Bad post. No biscuit.


So here’s the thing: all weekend I was thinking about this post I was going to write based on an article in the New York Times called, Portrait of a Wily Holocaust Survivor. It was going to be about the fact that the word “wily” doesn’t really seem like a word that goes with “Holocaust survivor” and how it reminds me of Wile E. Coyote and that is not at all appropriate, etc etc etc.

Then I started trying to write it last night, and let’s just say that it wasn’t really working. Turns out it’s super hard to write a funny post about ways you shouldn’t describe Holocaust survivors. Once you get past Wile E. Coyote and the Road Runner, there isn’t anywhere you can go without sounding like an insult comic at a roast of Gabrielle Giffords. (What the hell are you doing? Go home. There’s nothing for you here.)

So I scrapped it. And now I have no post.

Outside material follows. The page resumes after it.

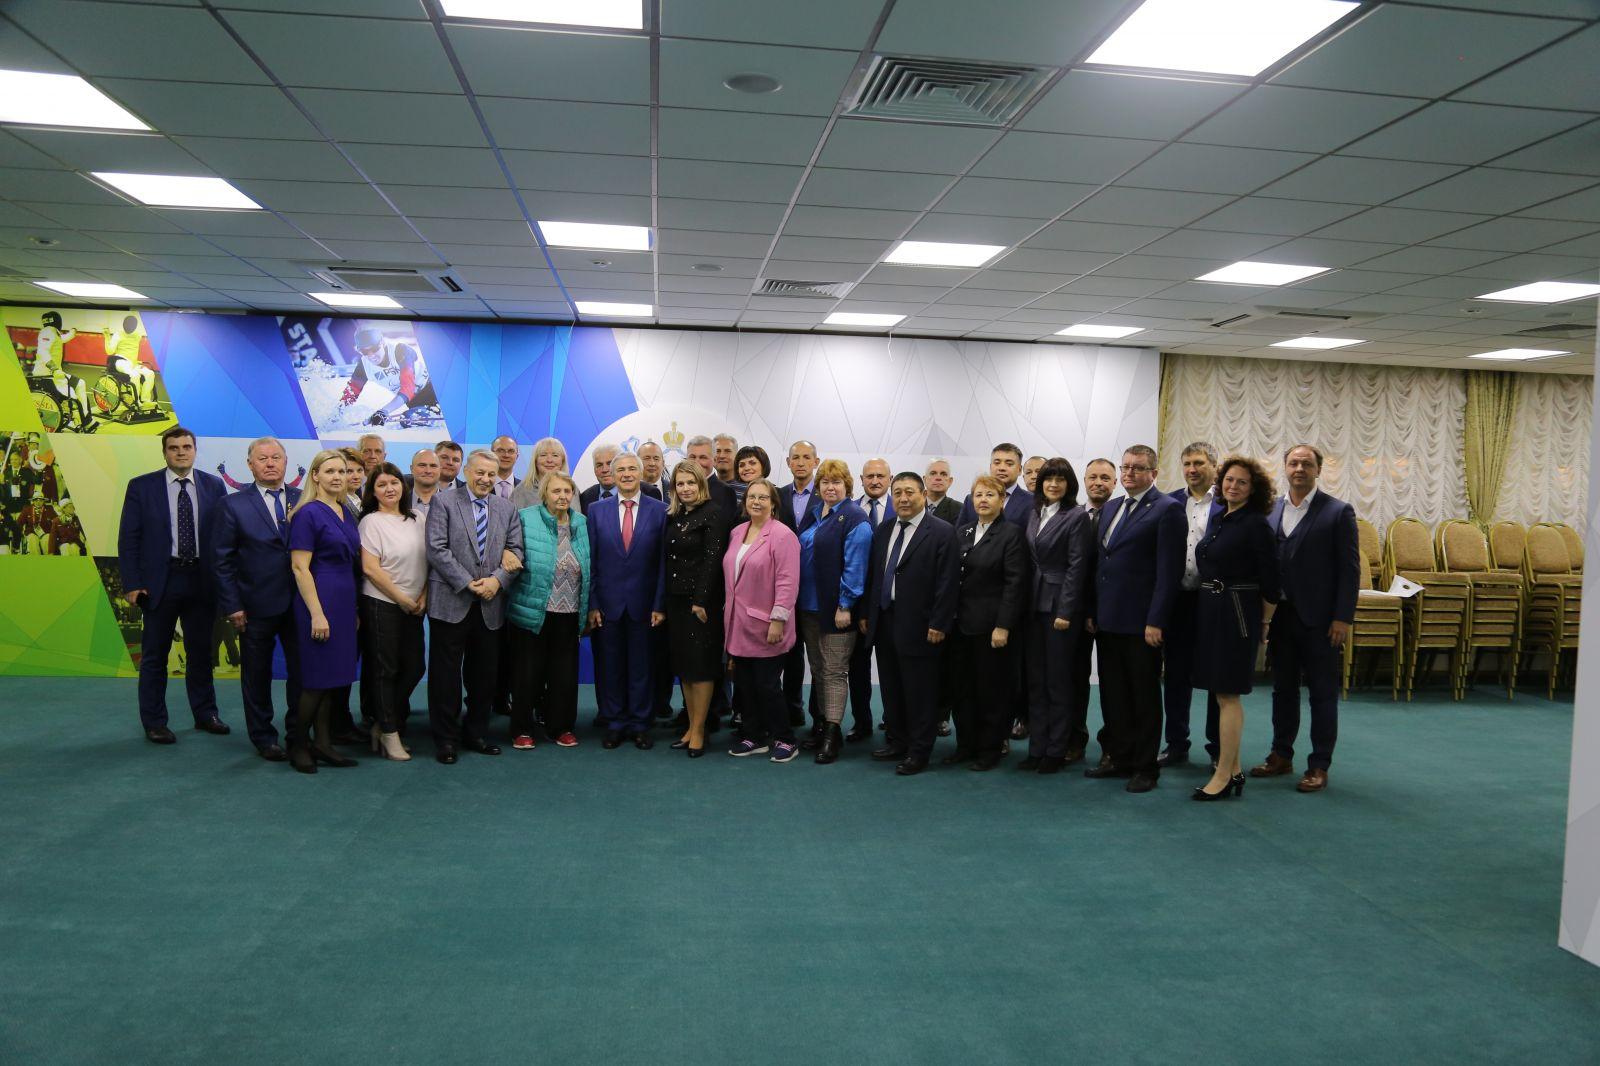 Руководители ПКР в г. Москве приняли участие в VII Съезде Общероссийского профессионального союза работников физической культуры, спорта и туризма РФ

So instead I’ll tell you about a little bet I made with another blogger who goes by the name, Dad on Arrival. He is one of my absolute favorite bloggers. Unfortunately, it turns out he is also a Broncos fan. Last week, he messaged me on Facebook and asked if we could make things a little interesting for the Super Bowl, which is between my Seattle Seahawks and the devil’s Denver Broncos.

Here’s the deal: the loser has to write two blog posts for the winner — one during the week after the game, and another at the winner’s discretion. So if I lose, AND I WON’T LOSE, I’ll be directing you over to my post on DOA next week. When I win, you will get to enjoy the words of DOA, and you will laugh and I will smile while attending the Seahawk’s victory parade on Fourth Avenue.

Oh, and PS — if you, like my husband, are getting a little tired of the football talk, don’t you worry. The season ends on Sunday.

PPS Go Hawks

Author: admin

Meredith likes to write the funny at her blog, Pile of Babies (


  1. Having been relocated from Portland, OR to the gloriousness that is Boulder, CO all I have to say is, GO. BRONCOS. We are gonna ruin Seattle like a nose zit on prom night.


    But seriously. We are gonna win. It’s why so many people name their kids Peyton around here.

  2. What a shame my Bears aren’t playing. That is all I have to say about that. Oh, and I couldn’t agree more about Wile E. That should never be strung together with Holocaust Survivor.

    I do so enjoy reading your thoughts!